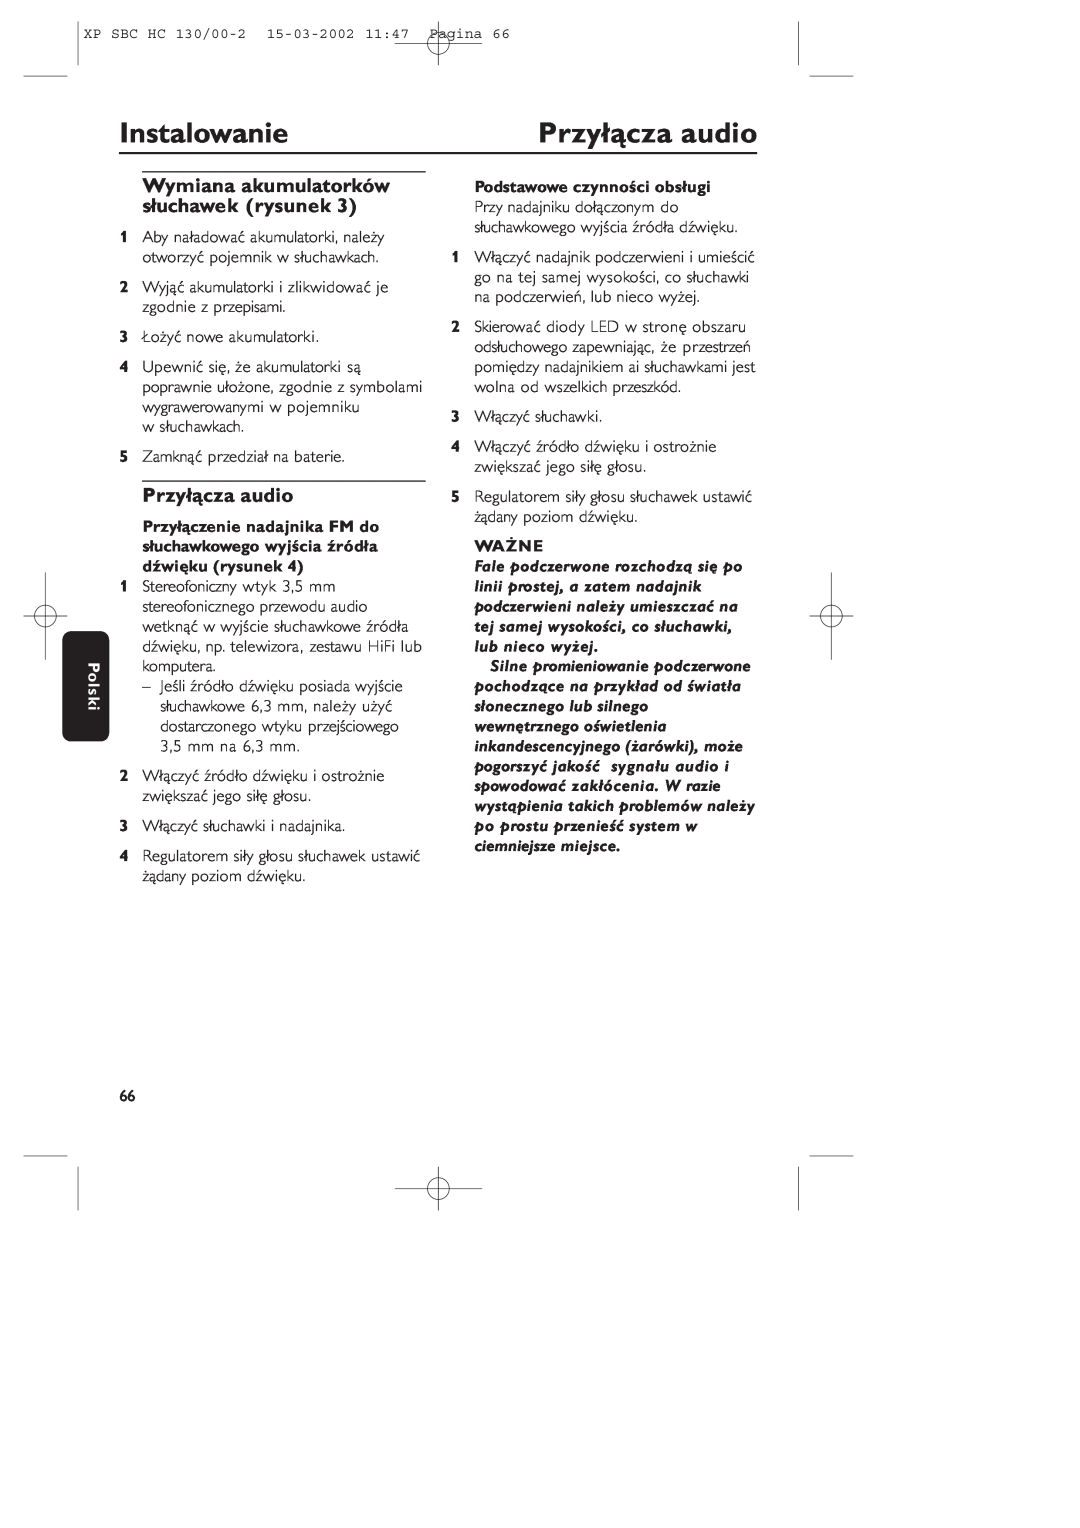 Philips SBC HC130 manual Przyłącza audio, Instalowanie, Wymiana akumulatorków słuchawek rysunek, Polski, Ważne 
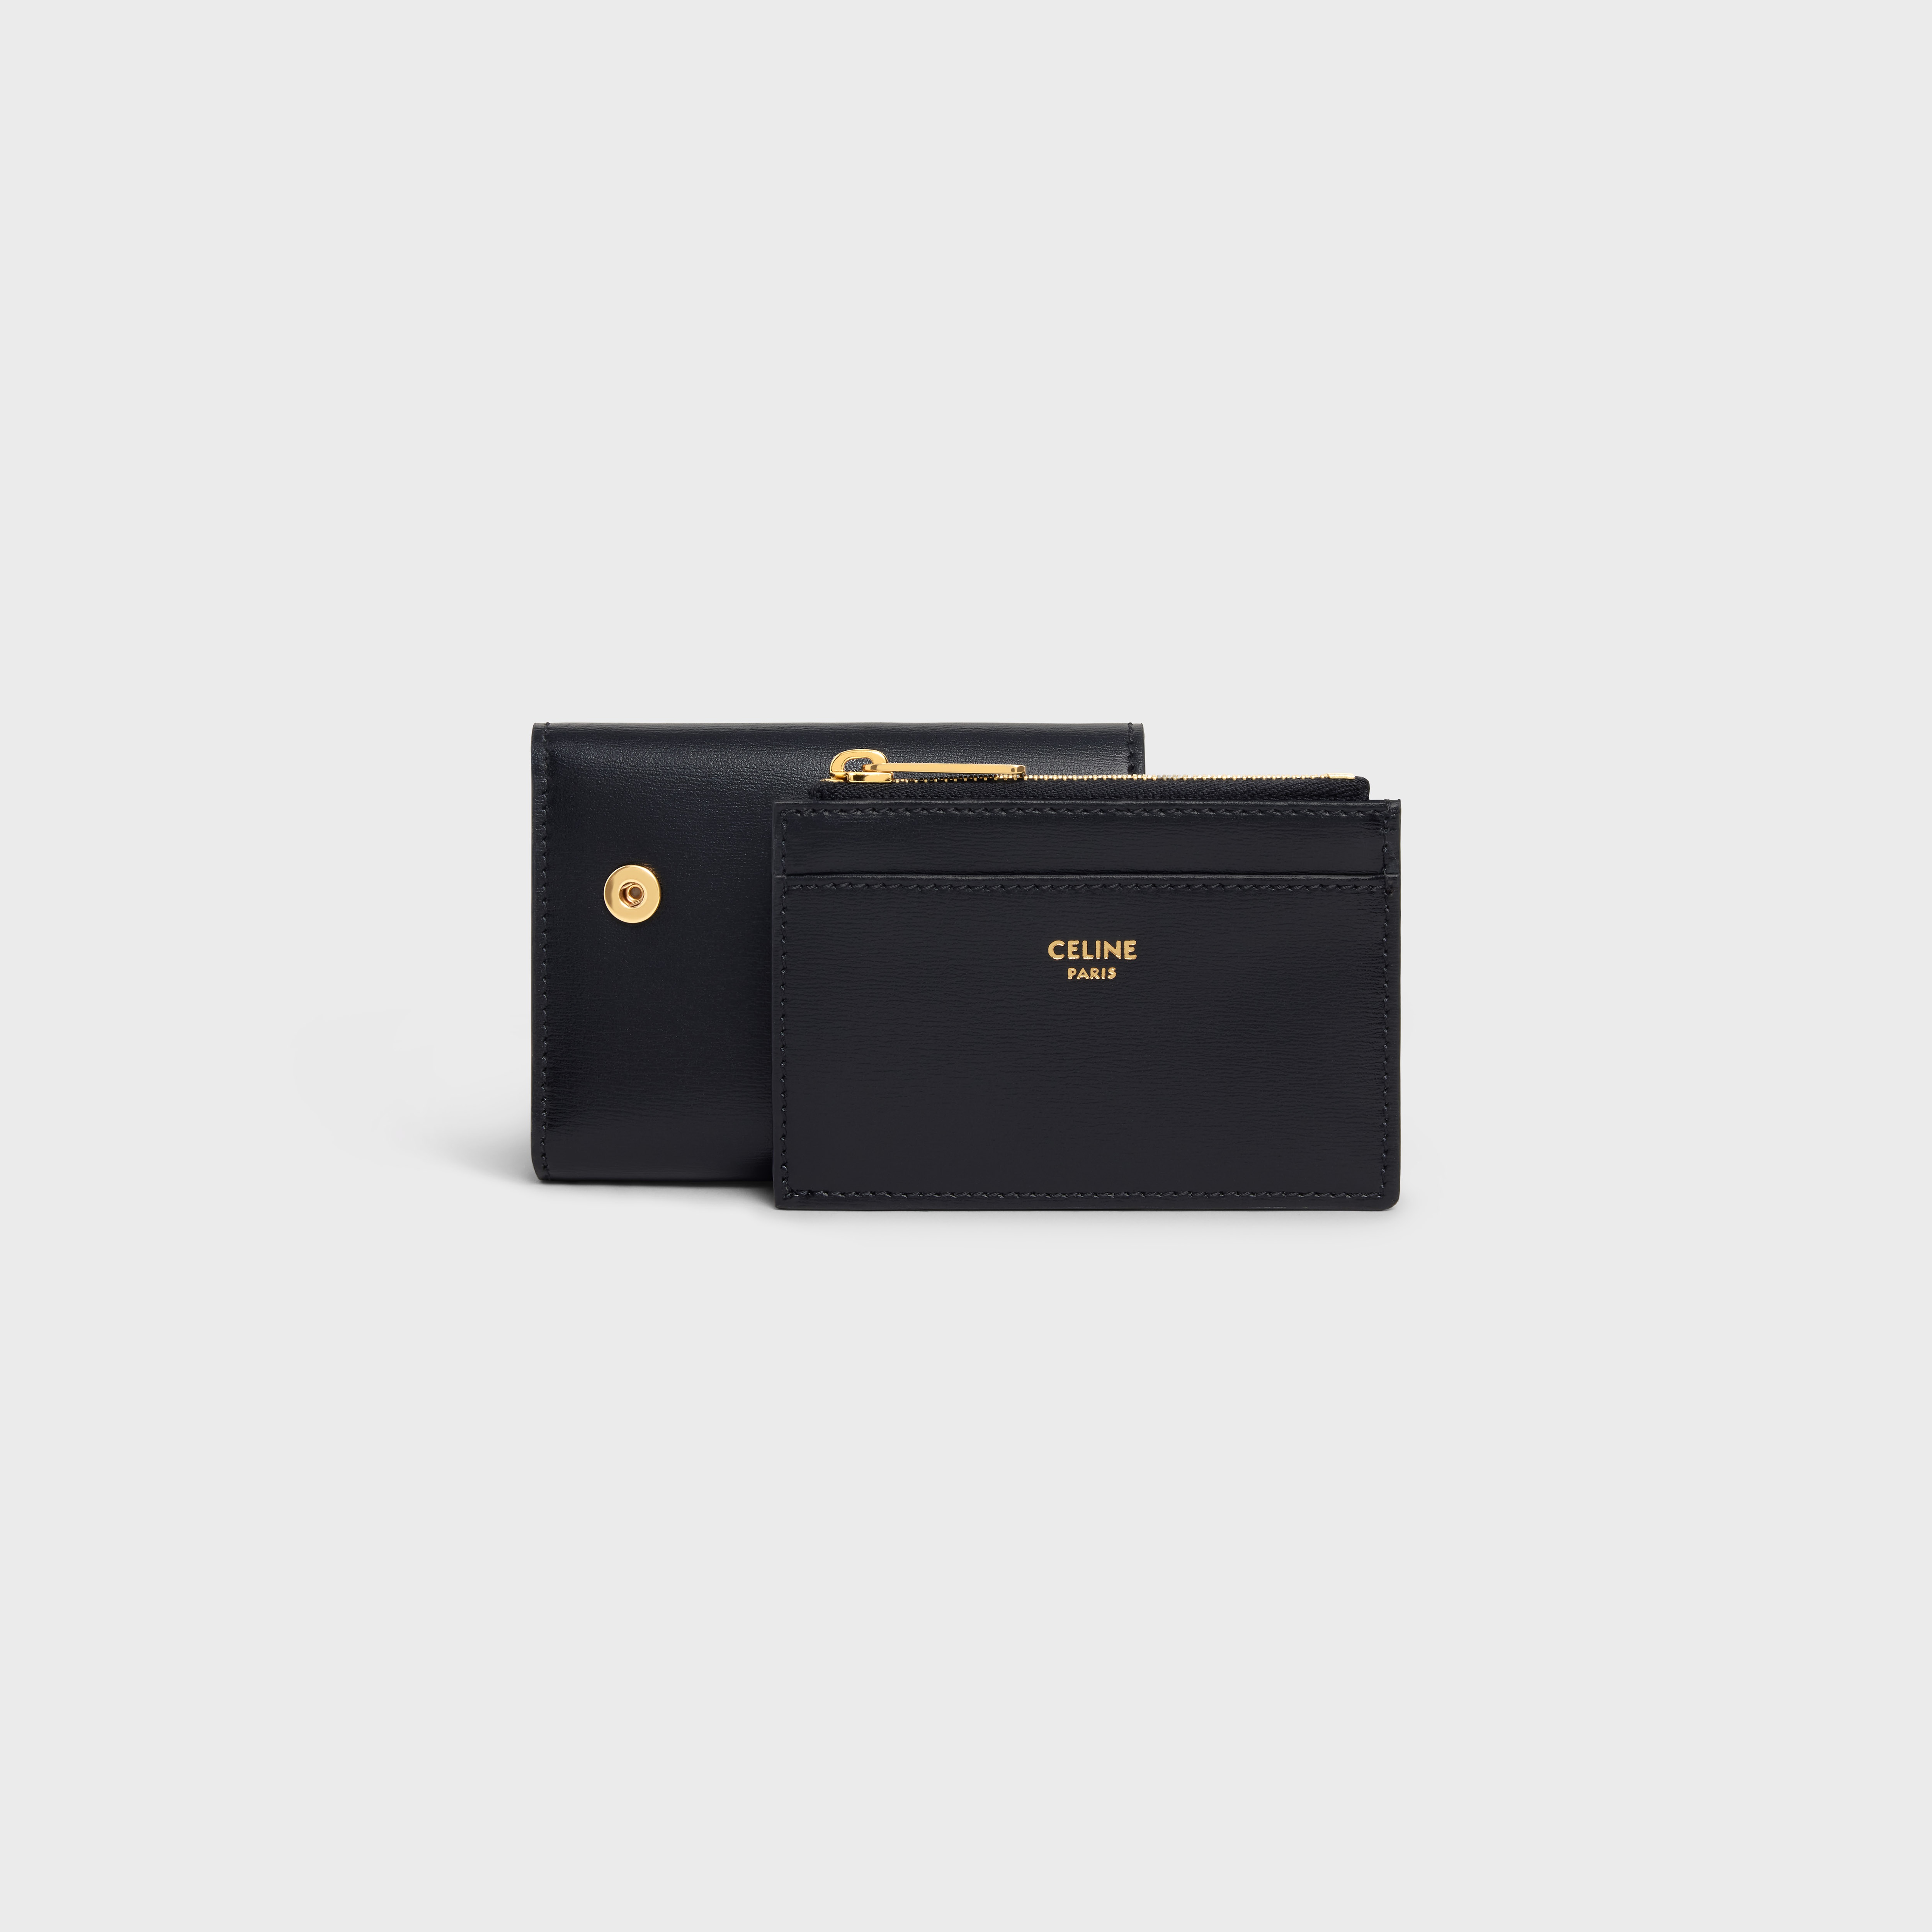 Celine - Triomphe Card Holder in Shiny Calfskin Black for Women - 24S
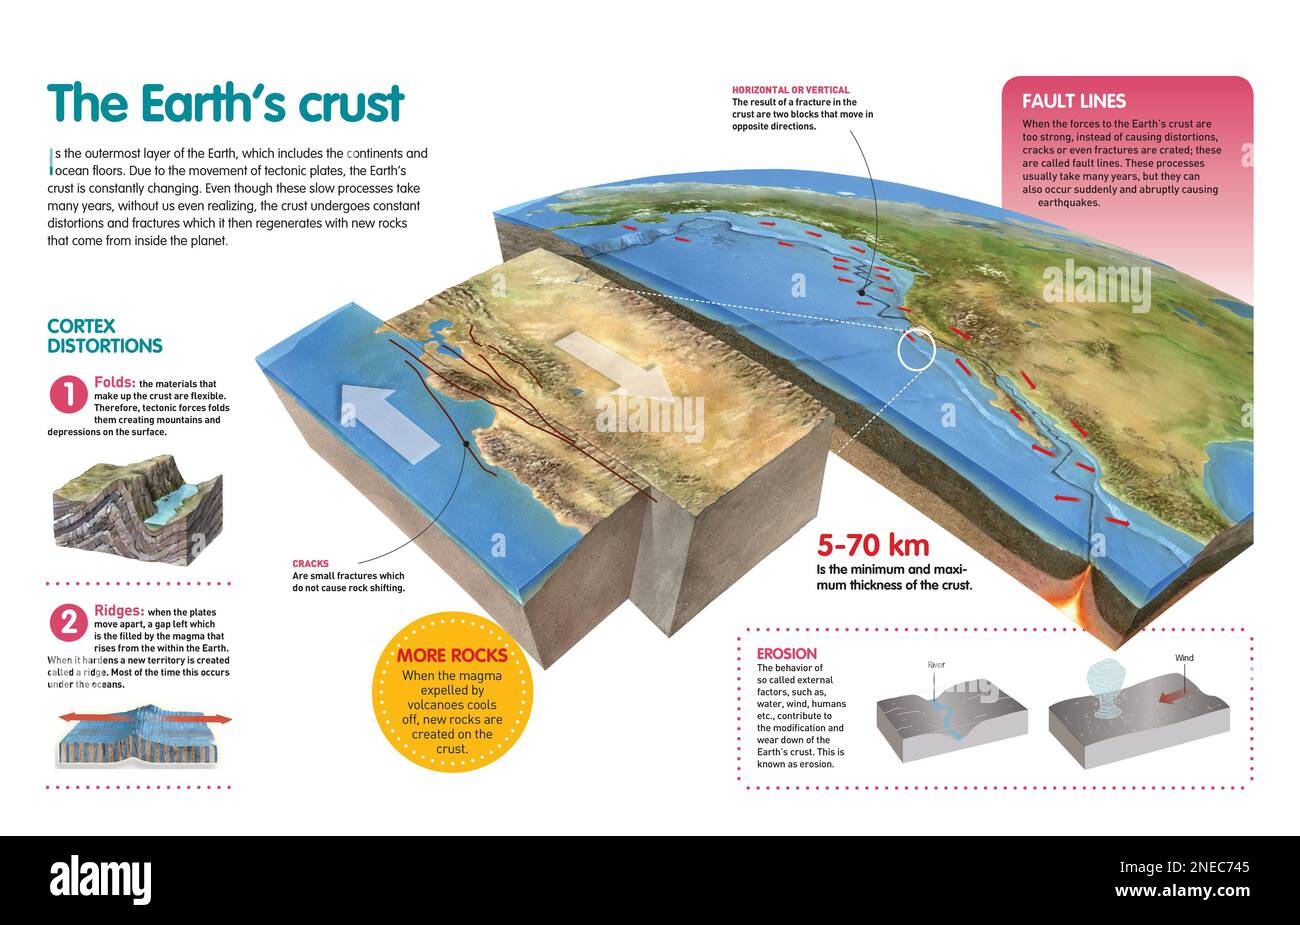 Infografik, die den veränderten Prozess der Erdkruste durch die Bewegung tektonischer Platten erklärt. [QuarkXPress (.qxp); Adobe InDesign (.indd); 4960x3188]. Stockfoto

§ **Task description**: In your transcription of the listing above, match each line exactly and include no pictures.

§ **Output**:
 Philips SBC HC130 manual Przyłącza audio, Instalowanie, Wymiana akumulatorków słuchawek rysunek, Polski, Ważne 
 Celine - Triomphe Card Holder in Shiny Calfskin Black for Women - 24S
 Infografik, die den veränderten Prozess der Erdkruste durch die Bewegung tektonischer Platten erklärt. [QuarkXPress (.qxp); Adobe InDesign (.indd); 4960x3188]. Stockfoto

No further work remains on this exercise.